Founded in 1963, The Mary Lee Foundation is a rehabilitation center located at 1339 Lamar Square Boulevard. It provides services to help individuals with disabilities become more mobile and independent. The center's Daybreak program, which meets every weekday from 9:30am-3:30pm, offers therapeutic activities, including art therapy.

Art therapy practitioners and advocates hold the belief that creative expression has the power to heal. They contend it can provide treatment for illnesses ranging from stress to mental retardation through facilitating an individual's communication, exploration, creation and healing.
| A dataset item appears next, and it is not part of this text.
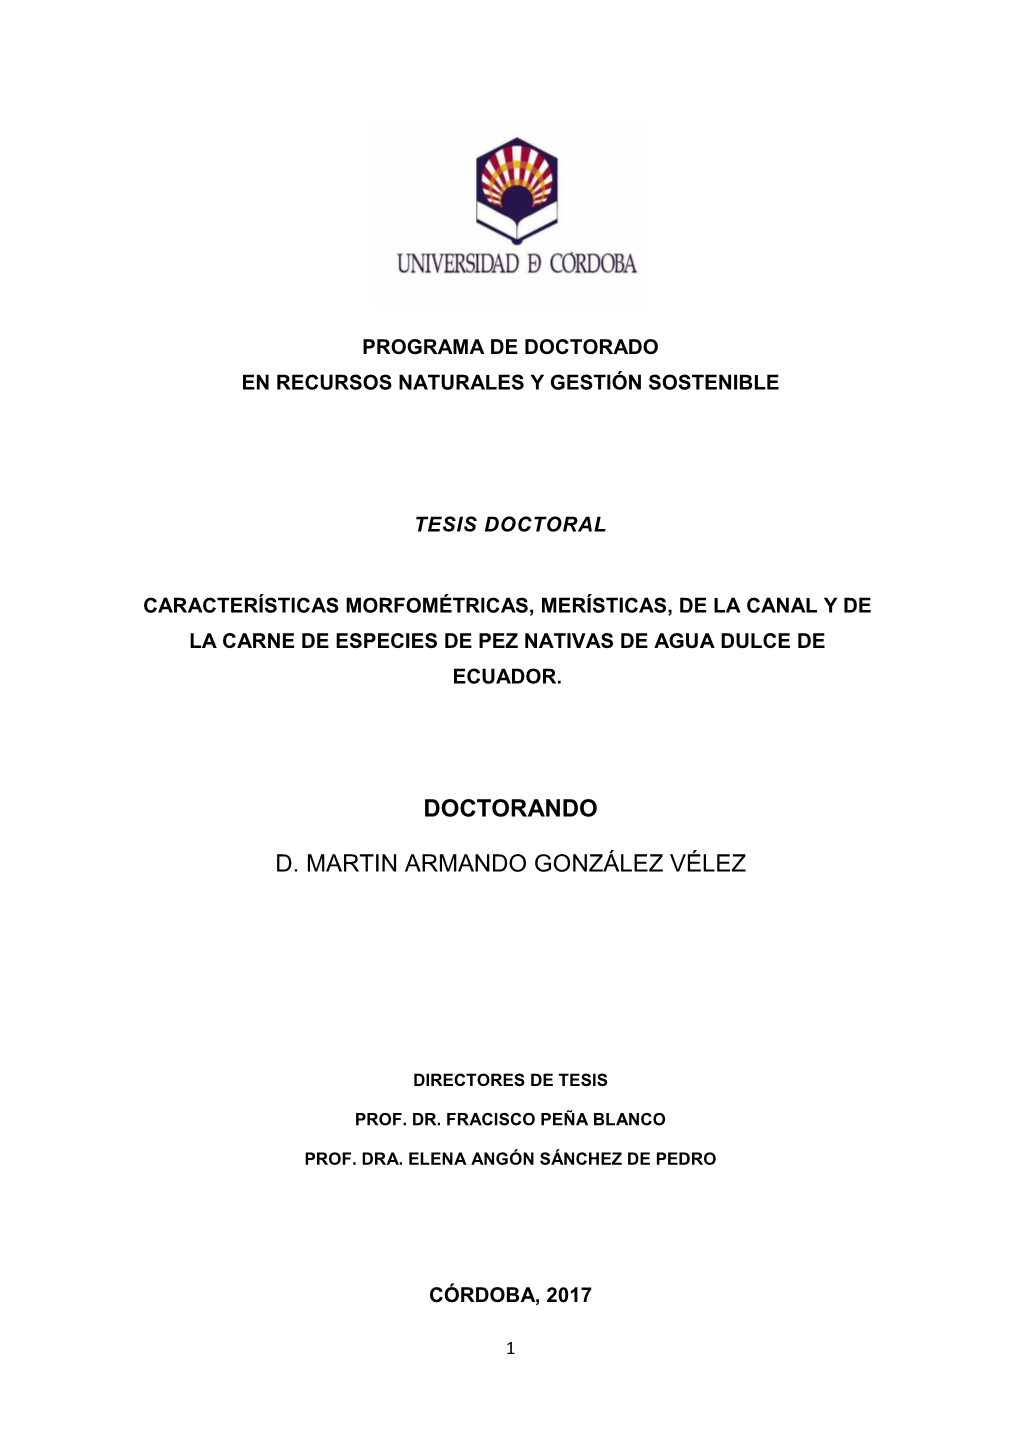 Doctorando D. Martin Armando González Vélez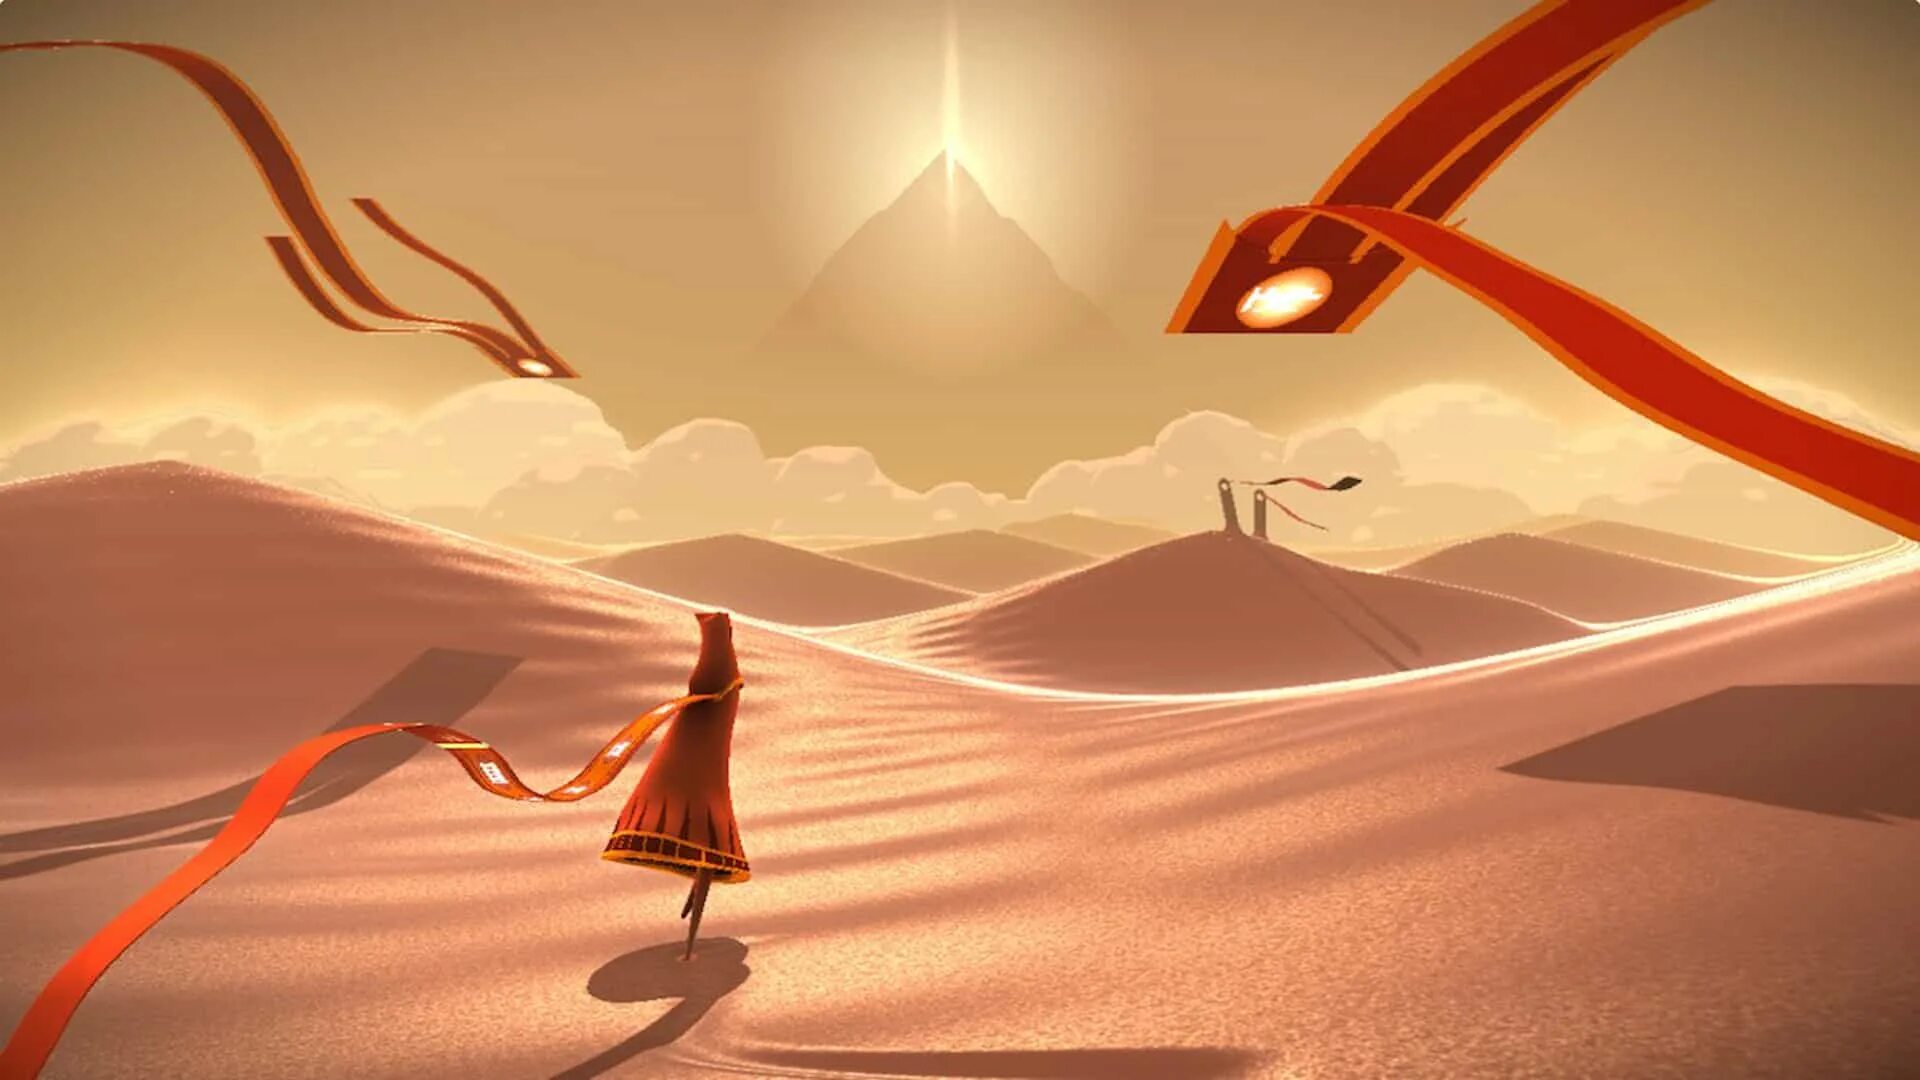 Journey игра thatgamecompany. Journey (игра, 2012). Джорни путешествие игра. Пустыня из игры Джорни.

Mosely's class uses oil and acrylic landscape painting as an outlet for creative expression. The students select landscape pictures, either from magazines or photographs, paint the basic images in the pictures and add a few touches of their own. Because landscape painting does not require the same exactitude as figure painting, the students have more freedom for personal expression and growth.

To compensate for their disabilities, Mosely and her assistants promote adaptive learning concepts while guiding students' brush strokes and aiding them in their choices of color and value. For example, because acrylic paint dries faster and enables students to paint over mistakes during the same class session, Mosely prefers it over oil paint for impulsive individuals who paint at a faster speed. In addition, Mosely teaches students who are still developing their drawing skills to fold their photographs into four separate quads to simplify the process, taking it one block at a time.

For students with physical disabilities, other compensations must be made. Kathy, for example, is unable to use the left side of her body; thus, she often tapes her work to the table to catch all of its angles while maneuvering herself around in her wheelchair. Her current painting depicts a rainbow in an open field. Mosely directs Kathy's progress, instructing her to touch the canvas to determine where the rainbow belongs in relation to her picture.

Brain injury often is coupled with short-term memory loss, a strong determinant of Mosely's teaching style. She teaches students to attach their pictures to the back of the canvas so that they do not forget their location. However, because students tend to misplace them, they often have to find a new image and start over. Olachi, who has multiple sclerosis, has dedicated an immense amount of time and effort to an aesthetic landscape painting. But today she cannot locate her photograph. Thus, she has no other choice but to start anew, using a different picture as her guide. Observing her reaction, I am struck by her calm response.

Upon my first glance at their completed works, the fact that the students suffer from brain disorders or injuries seems unlikely. These artists are the closest personifications of Monet and Degas that I have ever encountered! Their works encompass an impressionistic style, rich in color, value, texture and detail. Because the students derive their sole income from Social Security disability benefits, the selling of their work provides a desperately needed bonus. Olachi, who is not an American citizen and lives at home with her mother, does not qualify for Social Security. Thus, her only income lies in the selling of her paintings. An even more crucial issue, however, is that the students have no place to display their work because they lack the finances necessary to access public spaces. Plus, the students are lacking art supplies. Purchased by The Mary Lee Foundation with community donations, these supplies are necessary for the program to continue.

Some light, however, is being shone in their direction: The Brain Injury Association of Texas Conference will be featuring works from these artists at the Omni, South Park, on August 23rd-24th. Art Masters, an Austin framing company, is generously providing free frames for the event.